Decreased frequencies of nTregs during vaccination. (A) Absolute number of CD4+CD25highCD127low/negativeFoxP3+ CD39+ Tregs per µL blood measured by flow cytometry before and after vaccination for each patient (n = 12). The median is indicated. p = 0.034; Wilcoxon signed-rank test. (B) The nTregs were quantified with a real-time PCR-based methylation assay with methylation- and demethylation-specific primers. The y axis shows the percent of nTregs, and the x axis shows three different time points of the study protocol. Post-2 is the same time point as the postvaccination time point in (A). The decrease of nTregs is statistically significant with p < 0.05 (Wilcoxon signed rank test).

Figure 3

Reciprocal correlation between vaccine-induced immune response and Treg numbers. (A) Total number of spots before and after vaccination for each patient (IFN-γ ELISPOT). (B) Absolute number of CD4+CD25highCD127low/−Foxp3+CD39+ Tregs before and after vaccination for each patient (flow cytometry). (C) Fold-change of T-cell response (total spot number) versus fold-change of Treg number (absolute number of CD4+CD25highCD127low/−Foxp3+CD39+ Tregs). p = 0.243; correlation coefficient r = −0.365, Spearman rank correlation.

Patients with Fewer MDSCs Trended to Longer Survival

MDSCs represent a second cell population with suppressive function, which was also described in RCC patients (15). These cells were immunophenotyped by using antibodies specific for CD3, CD19, CD14, CD15, CD11b, CD33, HLA-DR and CD124. Supplementary Figure S5 shows the gating strategy for different MDSC cell subpopulations for patient MR-15, as a representative example. Five subpopulations were detected in RCC patients and healthy donors: MDSC1 (CD14+ CD124+), MDSC2 (CD15+ CD124+), MDSC3 (Lin HLA-DR, CD33+, SSChigh), MDSC4 (SSCim CD14+ HLA-DR) and MDSC5 (CD14 CD15+ CD11b+). Results for all patients are given in Supplementary Table S4. Slightly increased frequencies of MDSC4 and MDSC5 were observed in 58% of patients compared with healthy donors. Significant increases or decreases in any of the five MDSC sub-populations were not observed before and after vaccination, even when calculated for absolute numbers. However, there was a trend for better immune responses in patients with lower frequencies of MDSC4 and MDSC5. Figure 4 indicates a slightly higher survival probability for patients with lower frequencies of MDSC4 (p = 0.091), although these differences did not reach significance because of the small number of patients.
Figure 4

Survival probability of patients with high versus low frequencies of MDSC4. Survival probability of the patients (n = 12) with MDSC4 in %/lymphocytes < median (solid line) and MDSC4 in %/lymphocytes > median (dashed line). Median = 12.13%; p = 0.091; log-rank test.
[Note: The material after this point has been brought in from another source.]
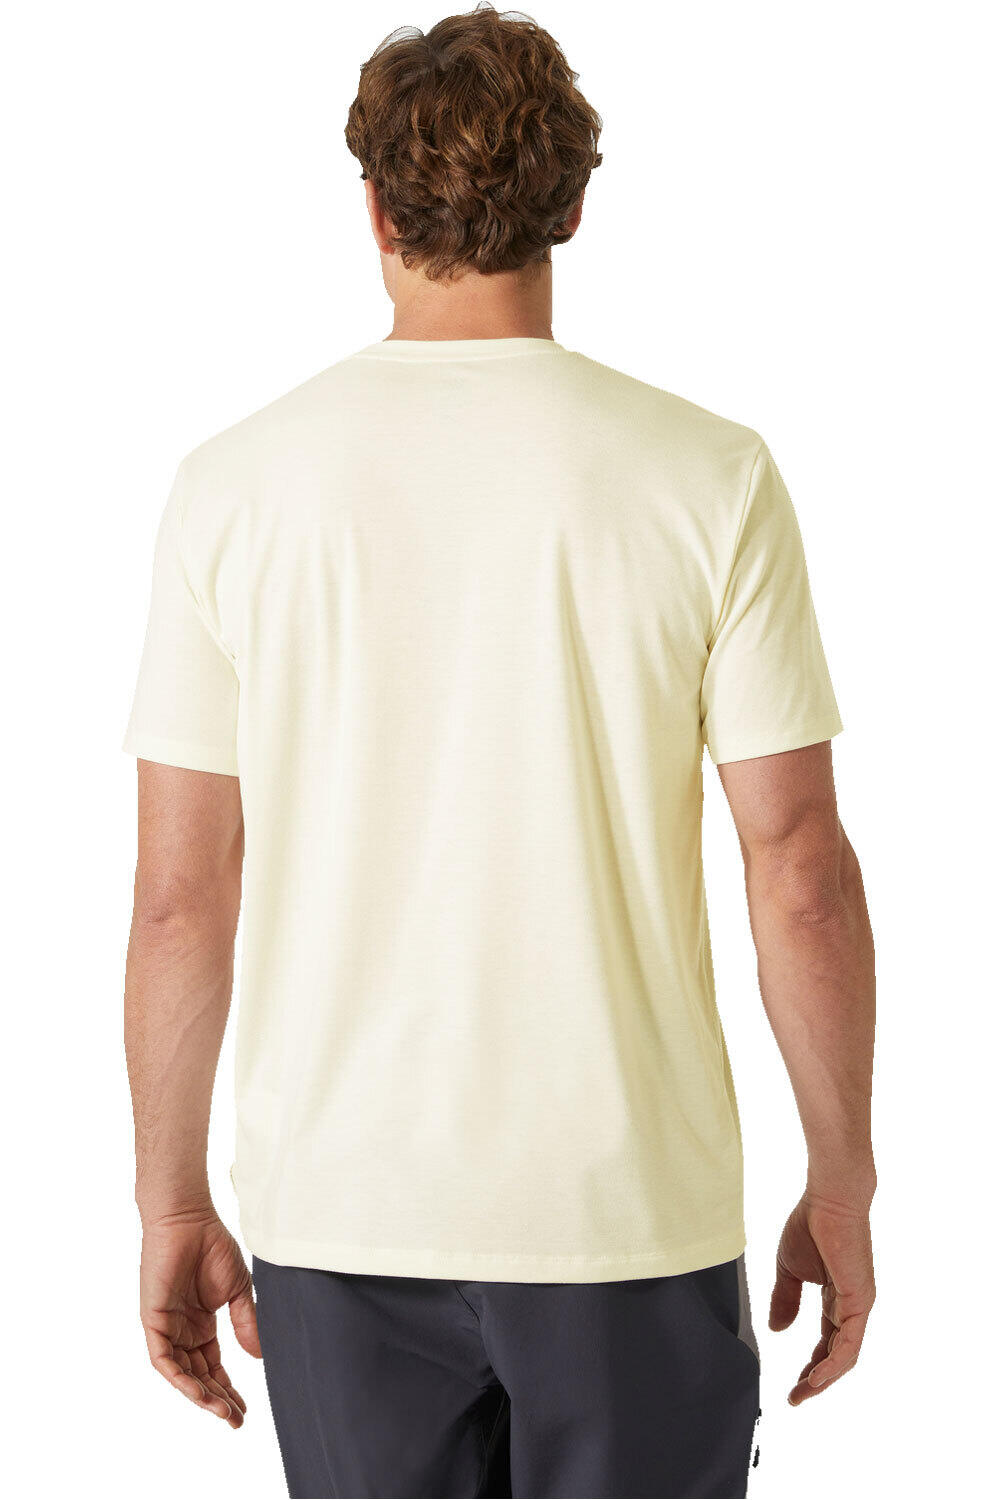 Helly Hansen camiseta montaña manga corta hombre SKOG RECYCLED GRAPHIC T-SHIRT vista trasera

Effector T Cells Displayed Mixed TH1/TH2-Like Cytokine Profiles

Cytokine profiles also provide useful information about the effects of immunotherapeutic vaccination. Therefore, we analyzed the general cytokine profile in PBMC responses to vaccine cells. In unstimulated controls, a predominant secretion of IL-10 and the proinflammatory cytokines IL-1β, IL-6, IL-8 and TNF-α was found, whereas there was no or only low detection of IL-2, IL-4, IL-5 and IFN-γ (Supplementary Table S5). After stimulation with vaccine cells, much more IFN-γ, IL-2, IL-4 and IL-5 were measured, which increased further after a second restimulation. Also, IL-10 increased after a second stimulation. In contrast, secretion of IL-1β, IL-6, IL-8 and TNF-α decreased after stimulation. This result can be interpreted as a mixed T helper 1/T helper 2 (TH1/TH2)-like profile, reflecting decreases of proinflammatory cytokines after in vitro restimulation with vaccine cells.

Challenge Site Infiltrating Lymphocytes Produced IL-10 and IFN-γ-Dependent Chemokines

Cytokines secreted by skin-infiltrating lymphocytes were analyzed in skin biopsies taken 48 h after an intradermal (i.d.) vaccine challenge at wks 6, 14 and 22. Small pieces of biopsies were cultured for 10–19 d, depending on the number of outgrowing cells. The composition of infiltrating cell populations differed from biopsy to biopsy and depended on the cultivation period. After 10 d, up to 95% of infiltrating cells were T cells and NK cells with residual B cells, eosinophils, macrophages and monocytes (data not shown).

Substantial differences were noted in the cytokine/chemokine profiles of the skin-infiltrating lymphocytes taken at different times (Supplementary Table S6). IL-5 and IL-13 were greatest in the first biopsy at 6 wks and declined substantially thereafter. Most factors were at a maximum in cells isolated from wk 14 biopsies, after patients had received eight vaccine doses. IL-10 increased throughout vaccination for most patients, in addition to three other factors (RANTES, IP-10 and MIG), all of which are induced by IFN-γ.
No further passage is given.